Tuesday marked an important day in Connecticut as far as health is concerned. As of Oct. 1, it has become that much harder for high school kids to buy cigarettes and other tobacco products as well as vaping products that contain nicotine. That’s because a new state law prohibits sale of those products to people under 21.

The legislation was passed earlier this year — overwhelmingly in both the House and Senate — and signed by Gov. Ned Lamont. All three of Wilton’s legislators — state Sen. Will Haskell (D-26), state Rep. Gail Lavielle (R-143) and state Rep.

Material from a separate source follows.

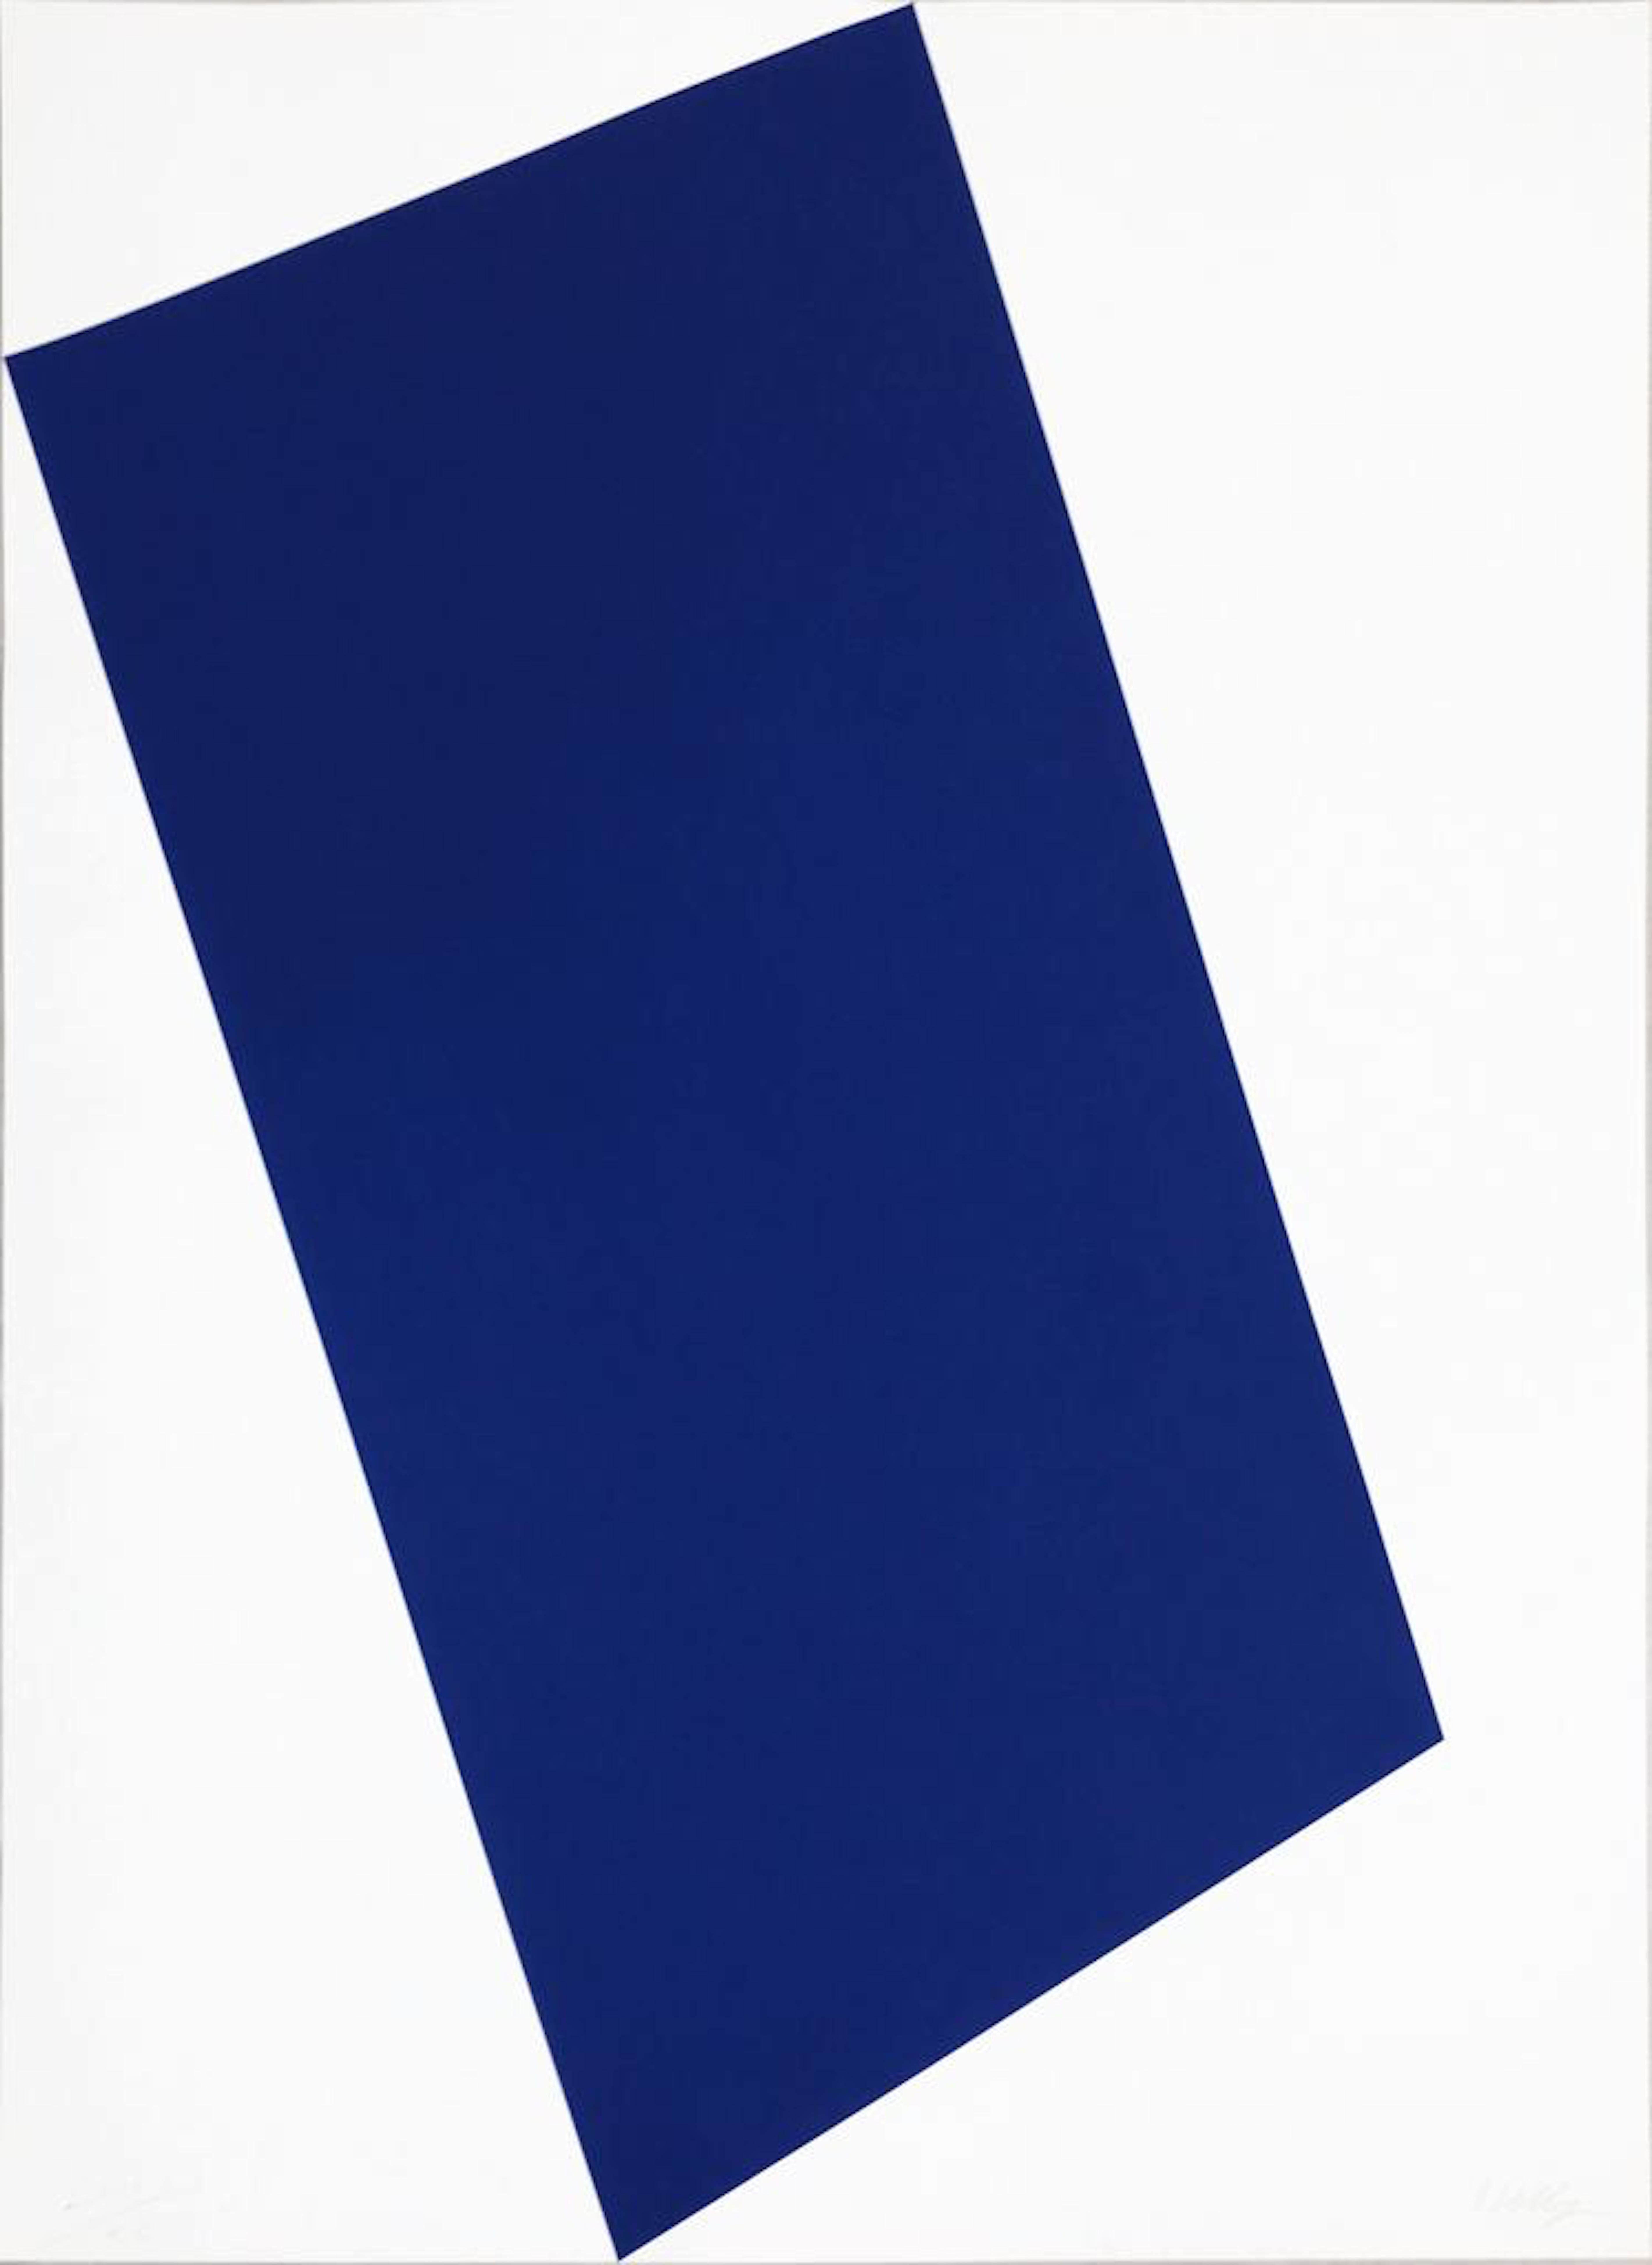 Blue (for Leo) from the portfolio of Leo Castelli's 90th Birthday; 1997 - Print by Ellsworth Kelly

Tom O’Dea (R-125) — voted in favor of the bill.

Included in the state budget was a 40-percent-per-milliliter tax on electronic cigarette liquid that is pre-filled and manufacturer sealed, and a 10-percent tax on the wholesale price of all other vaping products.

At the heart of this is a serious effort to discourage the deadly habit of smoking cigarettes, cigars, pipes and using chewing tobacco, and the increasingly deadly use of vaping products. A study released in 2017 by the state Department of Public Health showed that vaping among high school students in Connecticut stood at 14.7 percent, but that 20.8 percent of students 18 and older partake. That is double the number of students from just two years earlier.

The study also showed that young people generally are unaware of nicotine in e-cigarettes, to which they can easily become addicted. The study also says about 95 percent of all tobacco users began before age 21.

If raising the age to purchase tobacco products mirrors what happened when states raised the legal drinking age to 21, there is hope for positive outcomes.

An article published in 2010 by the National Center for Biotechnology Information, which is part of the National Institutes of Health, indicates that when the minimum legal drinking age was raised from 18 to 21 in all 50 states by 1988, the incidence of alcohol-related driving accidents decreased dramatically.

Among fatally injured drivers ages 16 to 20, the percentage with positive blood alcohol levels declined from 61 percent in 1982 to 31 percent in 1995, a bigger decline than for older age groups. The article says that almost all studies designed to gauge the effects of raising the drinking age to 21 show reductions in drinking, problematic drinking, drinking and driving, and alcohol-related crashes among young people.

Nevertheless, many underage people still drink and young people will still find a way to acquire and use tobacco and vaping products. But it is a step and a step in the right direction. And Connecticut is not alone. Eighteen states, including New York and Massachusetts next door, have passed similar legislation.